The Historical Turkey (Part One)
The historical turkey and its journey from the Americas to Europe (and back again) is one of convolution that is filled with misconceptions, fabrications, and good old doses of myth; let alone, political and financially driven nomenclature. If one thing that is certain, one can ferret out some of these details, if not the basic and rudiment facts of this historical record when willing to invest enough time sifting through the aforementioned minutiae of mans ego and political ambitions. With this writing I am not writing a doctorate thesis; but rather, a simplistic uncovering or unmasking of the basic facts as written in the historical record that I personally am able to attain.
The initial introduction to Europe is one that has been accounted for with as many versions as are writers, and as Wright would state in 1914, “The first introduction of the turkey into Europe has always been a mooted and now rather hackneyed question”; which today, seems as relevant a statement as then. Yet today as then, and even before 1914 there seems no general authority on the subject that everyone will agree upon. Wright himself believed the date “could hardly have been before 1518, when Mexico was discovered.”
Thomas Pennant, Esq. in 1781 would account for turkeys in the new world from Oviedo’s writings of previous account of the turkey in 1525, describing the black turkey and use of the word to describe what one would assume the bronze - ferruginous, or the color of iron oxide, rust, reddish-brown. Yet, the differences in color from then to today, may be more than just linguistic. When we look at the color of the Ferruginous Hawk we can see the same color as what is apparent in today’s Bourbon Red turkey, a reddish-brown more so than anything else. Pennant does not discuss any date other than Tusser’s date of the English introduction in 1524.
Edward Brown writing on domestic poultry in 1906 would seemingly regurgitate the same narratives of previous writers on the turkey’s initial introduction, and would later add a revision to his writing after receiving an official statement from Count de las Navas, Sub-Director General of Agriculture and War and librarian at the Royal Palace of Madrid. According to Count de las Navas it was Pedro Alfonso Niño who is to be credited with introducing the turkey to the Old World in 1500 from stock purchased on the coast of what would become Cumaná in present-day Venezuela. Leaving San Lucas in May 1499, Niño arrived 23-days later off the coast of Maracapana returning after only a 2-month voyage. This date would place the introduction of the domesticated turkey in that same year; although, Count de las Navas placed the date in 1500.

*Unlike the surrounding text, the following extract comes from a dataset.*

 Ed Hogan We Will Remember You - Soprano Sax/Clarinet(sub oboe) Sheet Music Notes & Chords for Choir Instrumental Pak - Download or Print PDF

Who, What, & When ( A Closer Look )
If there is one fact that every person should accept is that the Aztec’s domesticated turkey was first introduced into greater Europe through Spain. According to Count de las Navas, Sub-Director General of Agriculture and War and librarian at the Royal Palace, Madrid, it was Pedro Niño who discovered the domesticated turkey on the coast of what would become Cumaná in present-day Venezuela. Leaving San Lucas in May 1499, Niño arrived 23-days later off the coast of Maracapana returning after only a 2-month voyage. This date would place the introduction of the domesticated turkey in that same year; although, Count de las Navas placed the date in 1500. While we know that Niño was not the first from the Old World to discover the turkey, it appears that he was the first to return with them having paid four glass beads for each turkey he obtained. Returning to Europe shortly afterward as Spain started colonization of the New World. The questions remain with the who, what, and where of turkey’s trek across the Atlantic, but there are some misconceptions we can certainly eliminate.

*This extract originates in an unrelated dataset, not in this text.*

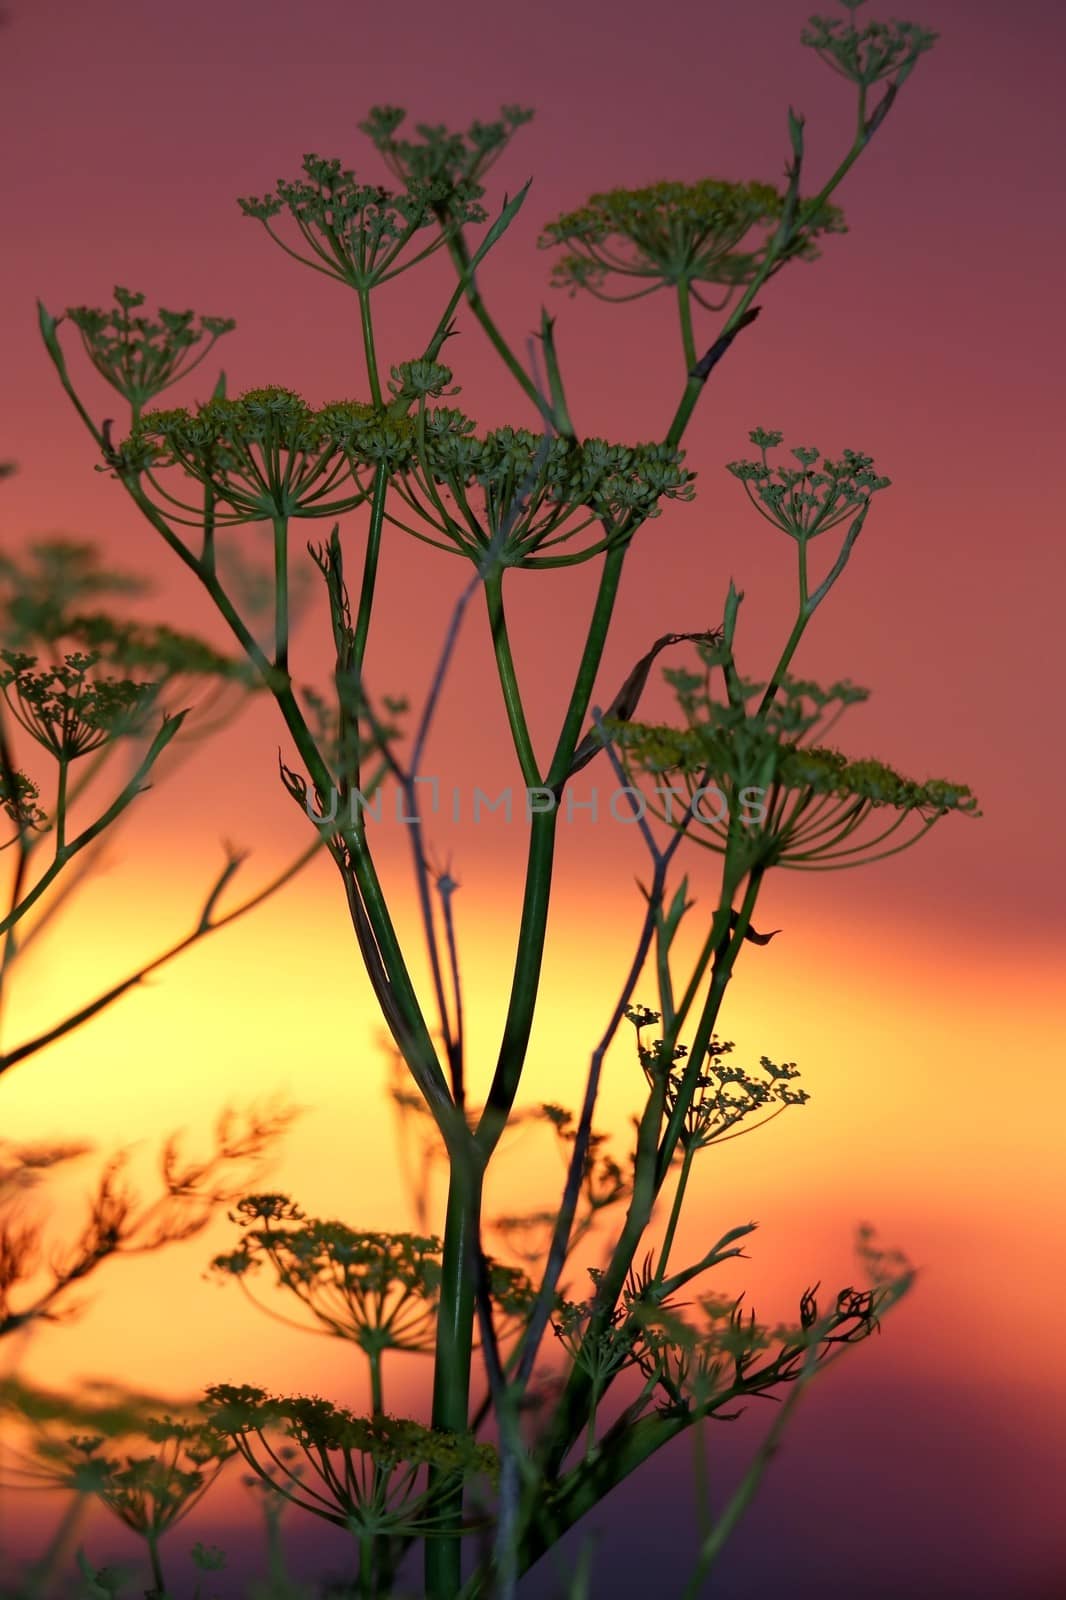 Sunset Plant by fouroaks

Of course, we all know that Christopher Columbus discovered the New World in 1492. It would also go to reason that he discovered all her riches and treasures, and his voyages returned them to the Old World in 1493; or something as such. While Columbus did write of the extensive range in which the turkey was distributed across the New World, he did not return with any of them on any of his voyages.
It is also a common misconception crediting Hernán Cortés with introducing the domesticated turkey to Spain, and hence greater Europe. From 1511 Cortés was a young secretary and administer under Governor Velázquez in Cuba, and would not be commissioned to secure the mainland for colonization until 1518, long after the turkey would reach Spain. While much is accredited to Cortés, both good and bad, the introduction of the turkey is one that cannot be accounted for in the historical record.

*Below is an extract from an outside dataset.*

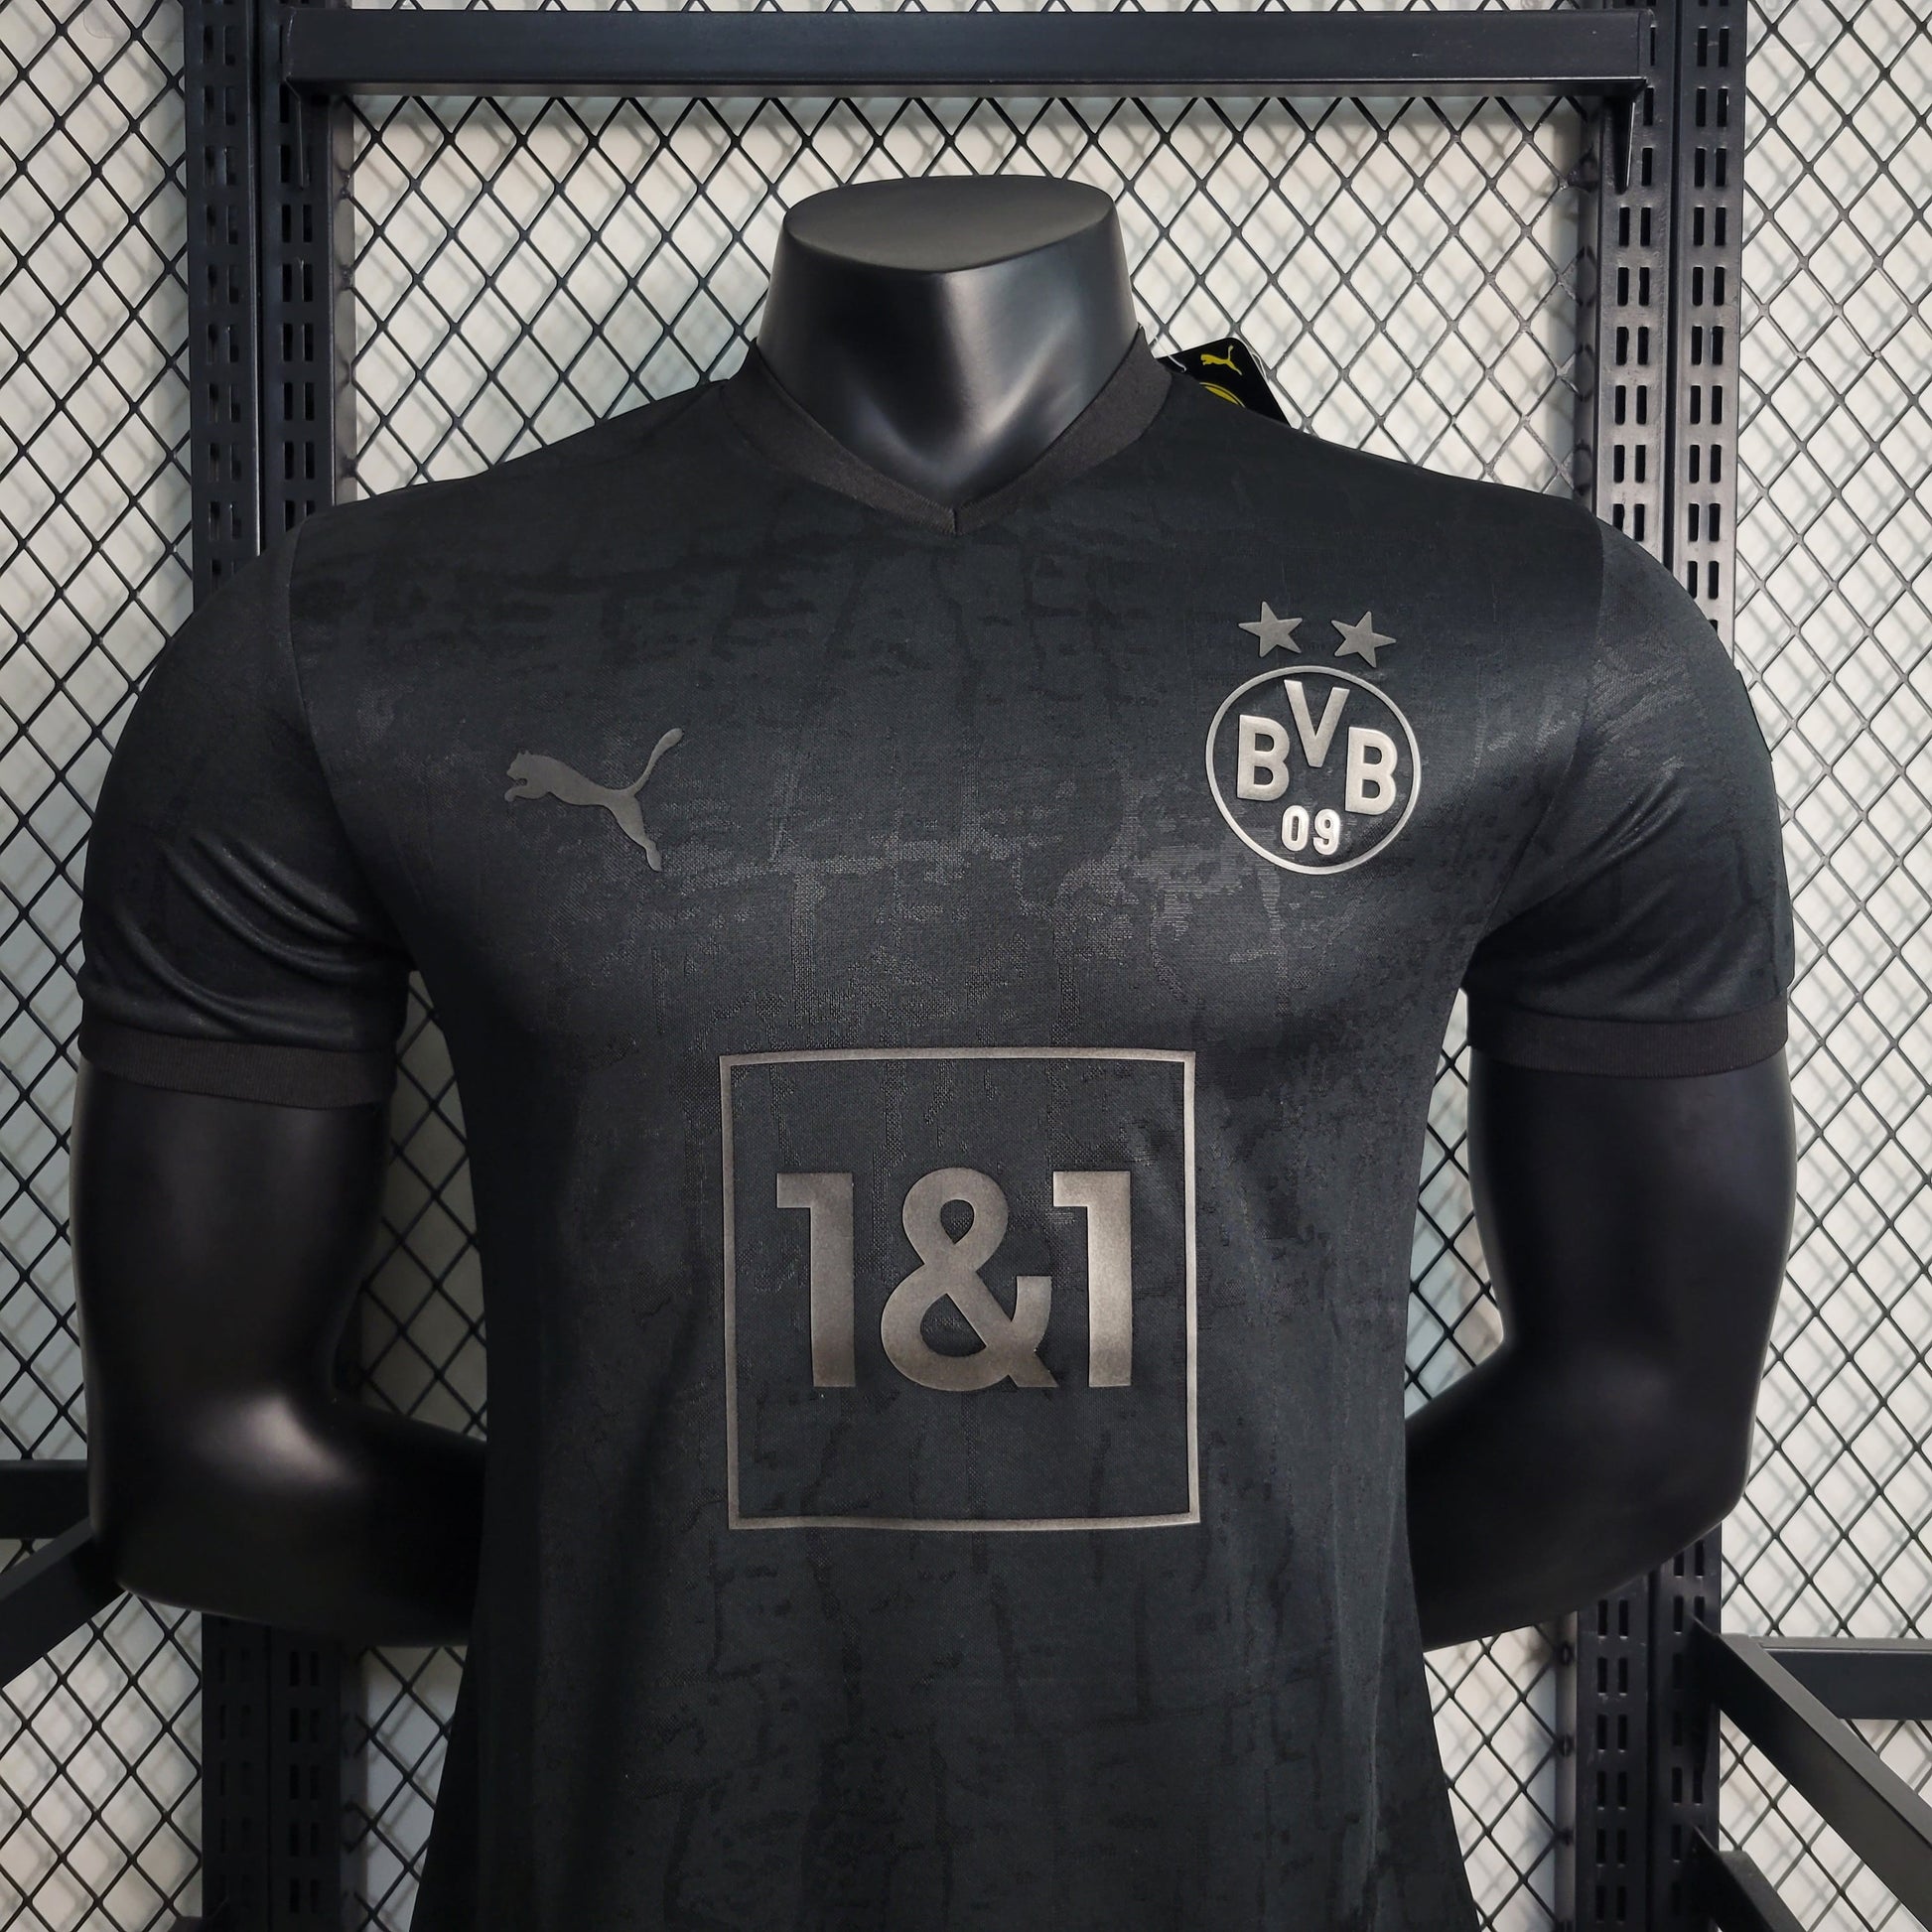 Dortmund Original – the new BVB away jersey for the 2023/24 season

Another popular misconception tells us the first turkey introduced in Europe was by Bishop Alexander Geraldini under the Pontificate of Pope Leo X in 1516; this yet is another misconception as Geraldini would not set sail until 1519 to the Spanish colonies in the New World. Moreover, as with Cortés, this is far past the date of introduction of the turkey. Written in other accounts is that the Venetian Codro is responsible for introducing the first specimens of turkey to Pope Leo X having them sent from the Antilles along with other treasures sometime around or after 1515. History still leaves Codro in an ambiguous state, and confused with Antonio Urceo in some places, and still to this day it is unclear how the turkey was returned to Pope Leo X from the Antilles as there are no other accounts to substantiate the turkey in the Antilles in this period.
According to Count de las Navas, Sub-Director General of Agriculture and War and librarian at the Royal Palace, Madrid, it was Pedro Niño who discovered the domesticated turkey on the coast of what would become Cumaná in present-day Venezuela. Leaving San Lucas in May 1499, Niño arrived 23-days later off the coast of Maracapana returning after only a 2-month voyage. This date would place the introduction of the domesticated turkey in that same year; although, Count de las Navas placed the date in 1500.
There is only more confusion as the accounts of Annot Arnaud recites roast turkey being served at a banquet of Philippe of Burgundy on 12 November 1385, centuries before other accounts, and even the supposed discovery of the West Indies. Though this account creates a stumbling block, we can be quite certain that the turkey (dinde) was not served at this banquet; but rather, it was Guineafowl (d'Inde) that was roasted that November.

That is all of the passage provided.